TAEGU, South Korea — Chief Master Sgt. Carl Sagstetter knows how helpful it is to be able to go right into the mission without first having to set up a tent city.

Tent cities take time to create. They take up a lot of space. And they keep many people busy with maintenance.

So Sagstetter, command chief with Kunsan Air Base’s 8th Fighter Wing, welcomed the news that the Air Force will build two training facilities at an installation in South Korea to which his unit sometimes deploys for military exercises.

The training buildings will go up at Taegu’s K-2 Air Base, where the 607th Support Squadron operates a U.S. compound. K-2 is a South Korean Air Force installation that shares space with commercial Taegu Airport.

The structures will serve as living and working quarters for special operations forces and other units that come to K-2 to train, said Capt. Thomas A. Bongiovi, the 607th Support Squadron’s base civil engineer at K-2.

Each one-story structure will measure about 3,000 square feet and house offices, vehicles, storage, showers, toilets and sleeping areas, Bongiovi said.

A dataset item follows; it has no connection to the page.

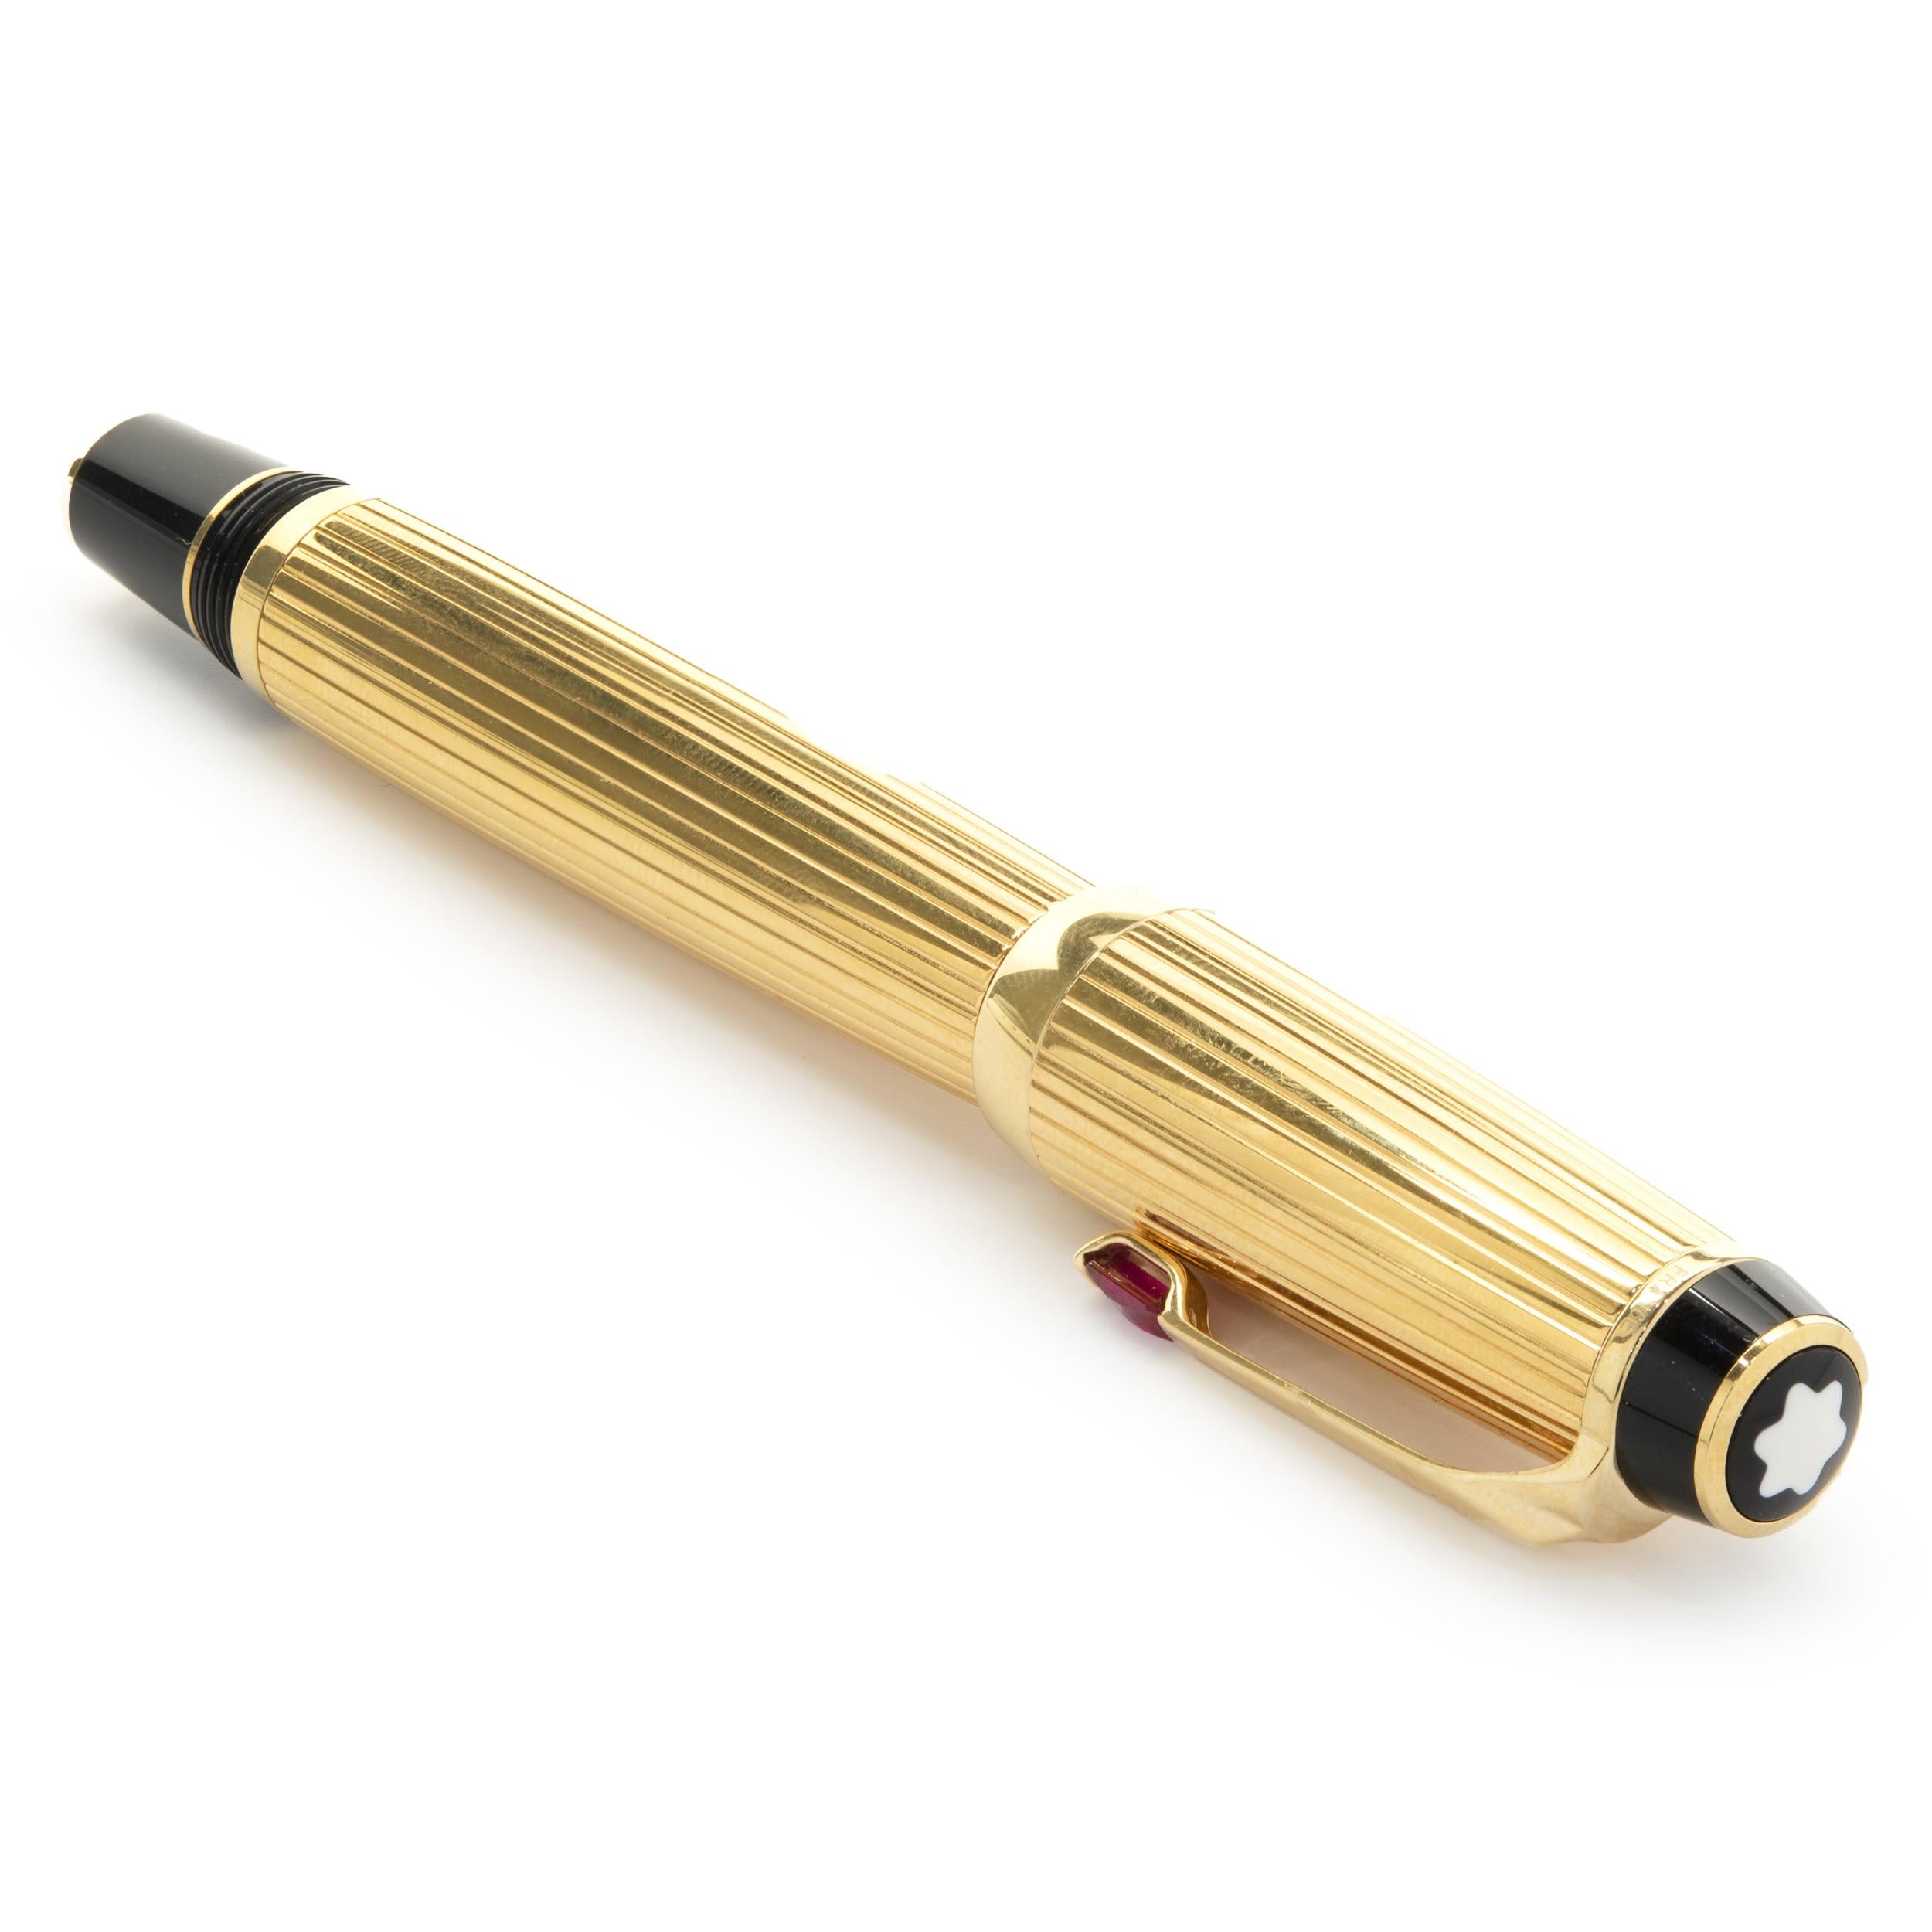 This pen is made by Mont Blanc for the Boheme collection. The ballpoint pen is encased in gold plated brass. It comes with MontBlanc box, no papers.

Each will cost about $450,000. Construction starts next month and should finish a year later.

“They’ll have small open bays with roll-up doors so you can bring vehicles in and out,” said Bongiovi. “They’ll have full bathrooms so people can occupy the building and actually live there for short term. And they have office rooms so you can actually do admin and operations planning in there.

“They can modify it to suit their requirements, whether they use it as office space or living space or vehicle maintenance space,” Bongiovi said.

“Most other installations that these exercise units would come into, they would operate out of tents,” he said. “So this gives them a hard facility, with heating and air conditioning, that’s protected from the elements and gives them phone and computer capability.”

“The nice thing about not having to rely on tents means they can hit the ground and work quicker,” said Bongiovi. “They don’t have to wait for erection of a tent city. The term we like to use is ‘turn the key.’ They walk in, turn the lights on and go to work.”

Also, Sagstetter said, “when your facilities are hardened and your showers and restrooms and living areas are not tents, that’s just a huge morale benefit — that you don’t have to go out and walk 300 yards in the rain or something to take a shower.”

Tech. Sgt. Paul Willis, an aerospace propulsion craftsman, agreed.

“A building would serve tenfold better than a tent would,” said Willis, assigned to the 35th Aircraft Maintenance Unit, part of the 8th Fighter Wing.